North Carolina lawmakers this week will begin considering the nomination to the North Carolina Utilities Commission of Donald van der Vaart, whose wife’s work would present potential conflicts of interest for him in this role, and who has been a lightning rod for controversy due to extreme positions questioning humans’ role in driving climate change.

Van der Vaart’s nomination to the NCUC is scheduled to get an initial hearing in the Senate Agriculture, Energy and Environment committee on the morning of May 14. The NCUC, which as of July 1 will transition from seven members to five, regulates companies that provide electricity, gas, water, and other utility services. 

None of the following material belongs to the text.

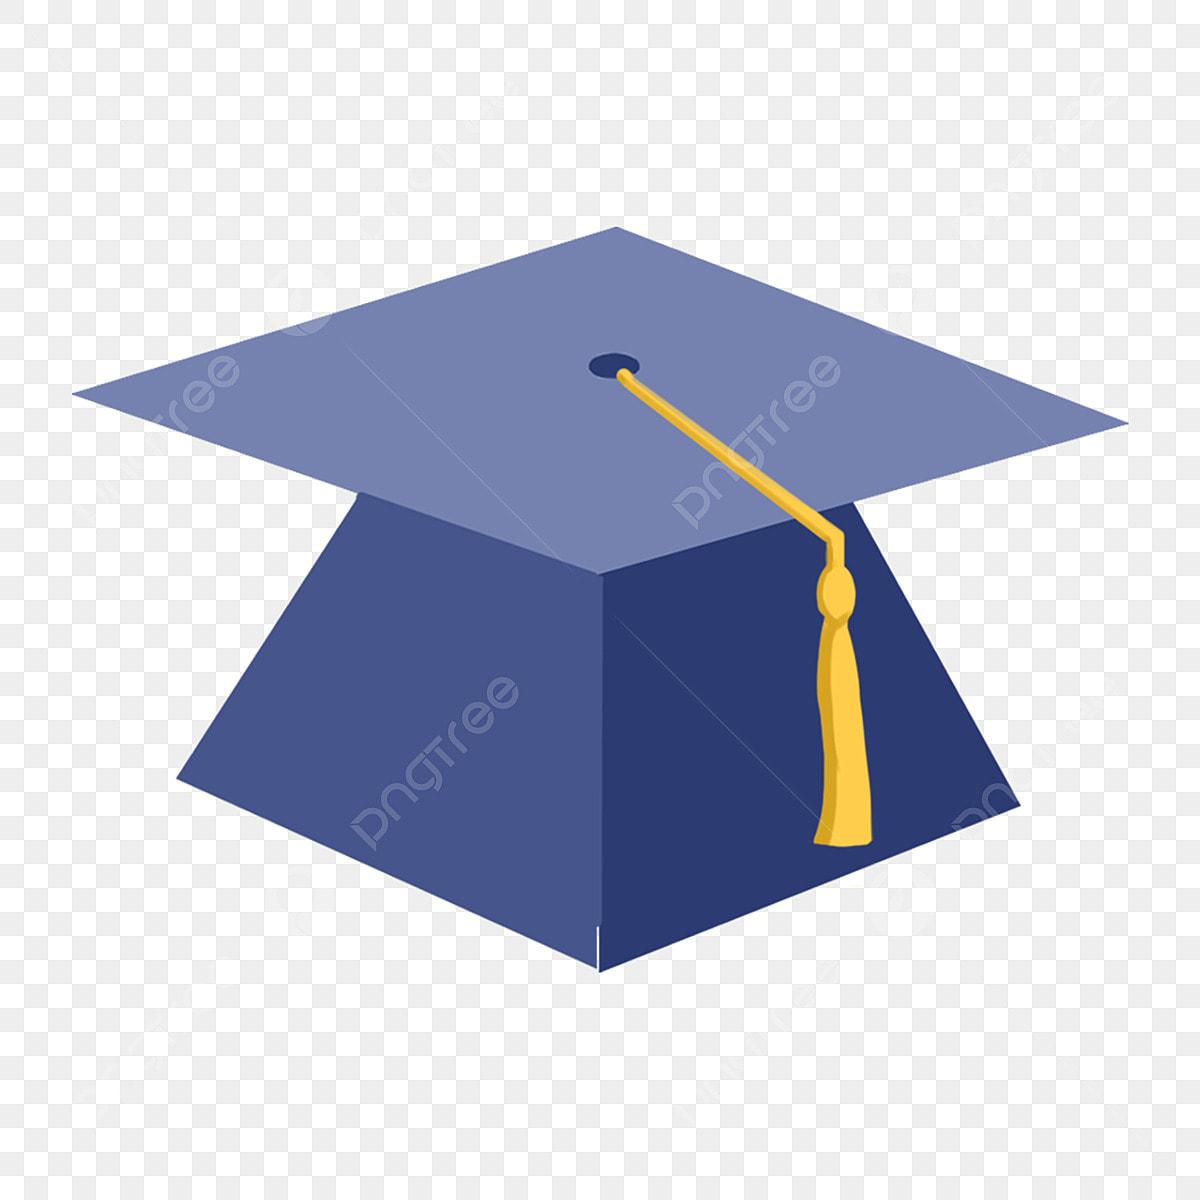 FULL TUTORIAL | My Money GRADUATION CAP with tassel and DIPLOMA ... | 1200x1200

Van der Vaart – a former state Department of Environmental Quality Secretary, attorney and chemical engineer – is a controversial choice due to his questioning the extent of humans’ role in driving climate change, disagreeing with the Environmental Protection Agency’s finding that greenhouse gases are harmful to human health, promoting fracking and offshore oil and gas drilling over the wishes of impacted communities, proposing to classify methane gas and nuclear power as “renewable” while on the North Carolina Energy Policy Council, accusing environmental activists of colluding with Russia, fighting offshore wind, and taking private meetings with Duke Energy while overseeing regulation of its coal ash pollution, which resulted in an ethics complaint. Early in his career, van der Vaart worked for Shell Oil and Carolina Power & Light, which is now part of Duke Energy, before going to work for the state environmental agency. He served on the federal Science Advisory Board during the first Trump administration.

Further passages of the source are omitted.